Geçirdiği sarılık zamanla siroza dönüşen 21 yaşındaki İbrahim Kara, kadavradan nakledilen karaciğer ile yeniden hayata tutundu. 56 yaşında beyin ölümü gerçekleşen hastanın karaciğeriyle hayata tutunan İbrahim Kara, “Resmini telefonuma kapak fotoğrafı yaptım, kendisine her gün dua ediyorum. Hayatımın sonuna kadar ne yapsam 56 yaşındaki birinin bendeki hakkını, ailesinin yaptığı büyük fedakarlığı, iyiliği ödeyemem. Onlara da hayatım boyunca dua edeceğim.” diyor.

İstanbul'da yaşayan İbrahim Kara'nın, bebekliğinde geçirdiği sarılık zamanla siroza dönüşmüş. 4 kardeşin en küçüğü olan Kara'nın karnında şişme ile başlayan rahatsızlığı yoğun halsizlik, iştahsızlık ve yorgunlukla devam etmiş. Son 1,5 aydır ise kolunu kıpırdatacak hali kalmayan Kara'ya, canlı verici için yapılan araştırmalarda kimsenin karaciğeri uymadı. Organ nakli için Acıbadem Bursa Hastanesi’ne başvuran aile, bir hafta sonra gelen telefonla büyük sevinç yaşadı.
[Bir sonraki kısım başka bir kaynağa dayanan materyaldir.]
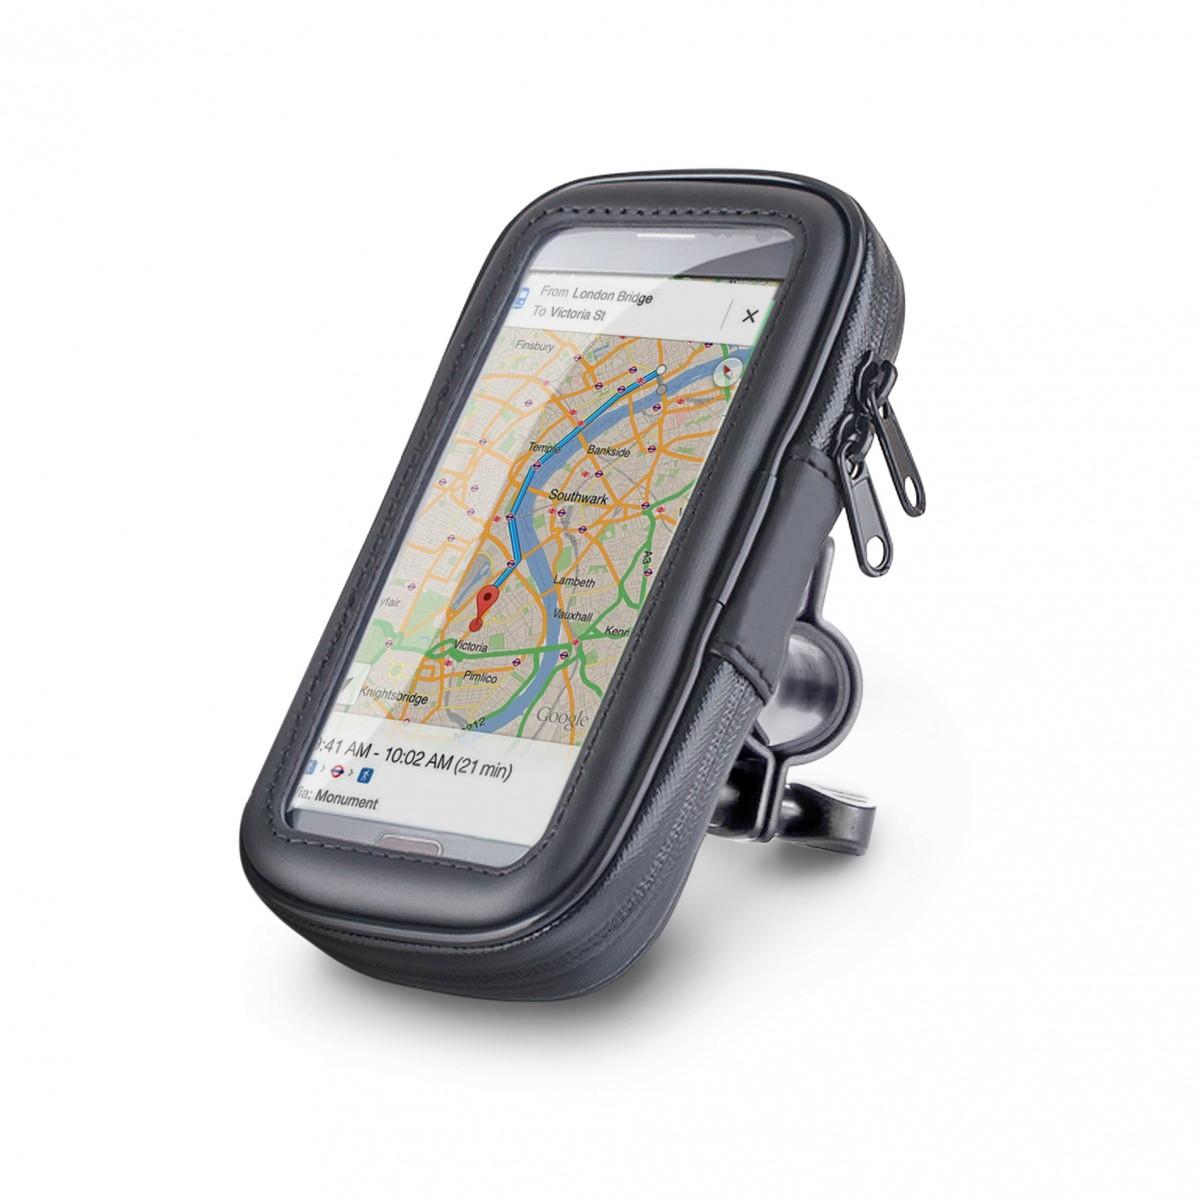 Esperanza EMH116 - bicycle holder To Telephone SAND XL (82x160mm) Mobilo telefonu turētāji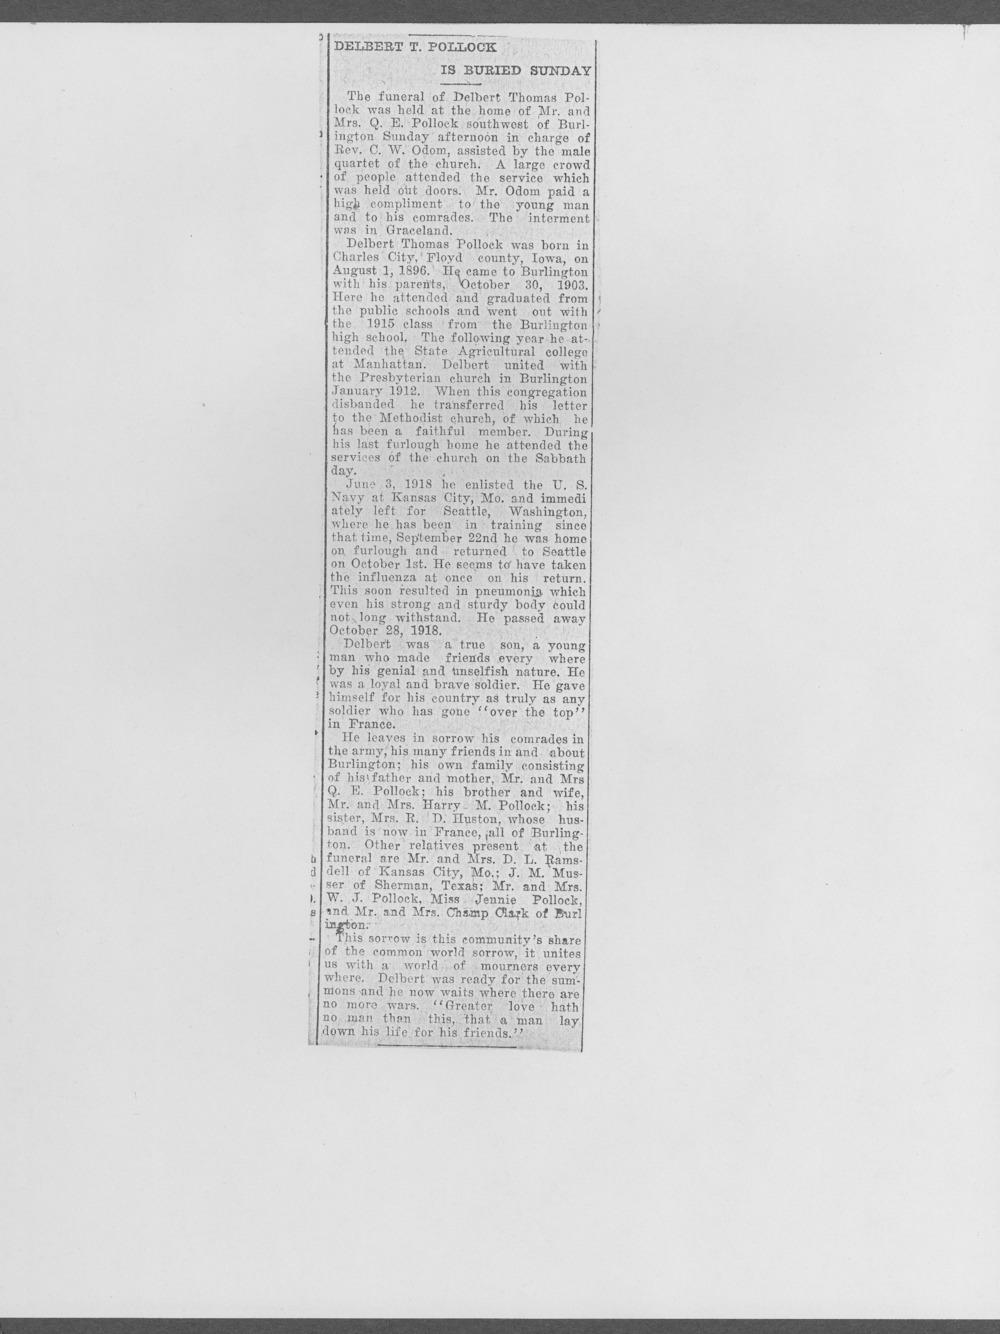 Delbert T. Pollock, World War I soldier - 2

İbrahim Kara için karaciğer nakli, Acıbadem Bursa Hastanesi Genel Cerrahi ve Organ Nakli Uzmanı Prof. Dr. Remzi Emiroğlu ve ekibi tarafından yapıldı. 56 yaşında beyin ölümü gerçekleşen hastanın karaciğeriyle hayata tutunan İbrahim Kara, 2015 yılında Bursa'da ilk karaciğer naklini olduğunu ifade etti. 12 saat süren ameliyatın başarıyla gerçekleştirildiğini belirten Kara, "Yeni bir ciğerle nefes almak çok güzel. Bütün hekimler bana destek oldu, güç verdi, yaşam verdi. Beni hayata bağlayacak ameliyatın Bursa’da yapılacağını birkaç gün önce rüyamda görmüş ve aileme söylemiştim. 224 kodlu bir numaradan aranıyorduk.” dedi.

Acıbadem Bursa Hastanesi Organ Nakli Koordinatörü Dr. Salih Gülten de bugüne dek çok sayıda karaciğer nakli yaptıklarını ve bunun mutluluğunu ekip olarak yaşadıklarını belirtti. Dr. Salih Gülten, şöyle konuştu: “Keşke daha çok insanımızın yüzünü güldürebilsek. Hastalarımızın ve yakınlarının yaşadığı heyecanın aynısını biz de yaşıyoruz. Onların kaderinin bir nakille nasıl değiştiğine tanık oluyoruz. Ailelerin yaptıkları büyük bir fedakârlık ancak kadavradan bağış oranını yükseltip Avrupa seviyelerine çıkarmamız gerekiyor. Karaciğer hastaları için böbrek gibi diyaliz imkanı bulunmadığından, bekleme listelerindeki hastalarımızın çoğunu organ sağlanamadığından, 1 yıl içinde kaybediyoruz. Oysaki organ bağışı ile onları yeniden hayata döndürmek mümkün.” diye konuştu.

Prof. Dr. Emiroğlu da şu görüşleri dile getirdi: “Bu konuda biz hekimlere düşen, iyi bir bilgilendirme yapmaktır. Biz organ bağışı konusunda zorlayıcı olamayız. Toplumumuzda aile bağları çok güçlü, bu da hastalarımız için bir şans. Kadavra bağışı yetersiz olduğundan, aileler bağışçı oluyor.”

Organ naklinin önemini vurgulamaya yönelik çalışmalar son yıllarda çok büyük artış gösterse de kadavradan organ naklinin son derece yetersiz olduğunu, milyonlarca hastanın birçoğunun listeye bile giremeden hayatlarını kaybettiklerini belirten Prof. Emiroğlu, “Bir insanın öldükten sonra yapabileceği en büyük hediye organ bağışıdır.” ifadelerini kullandı.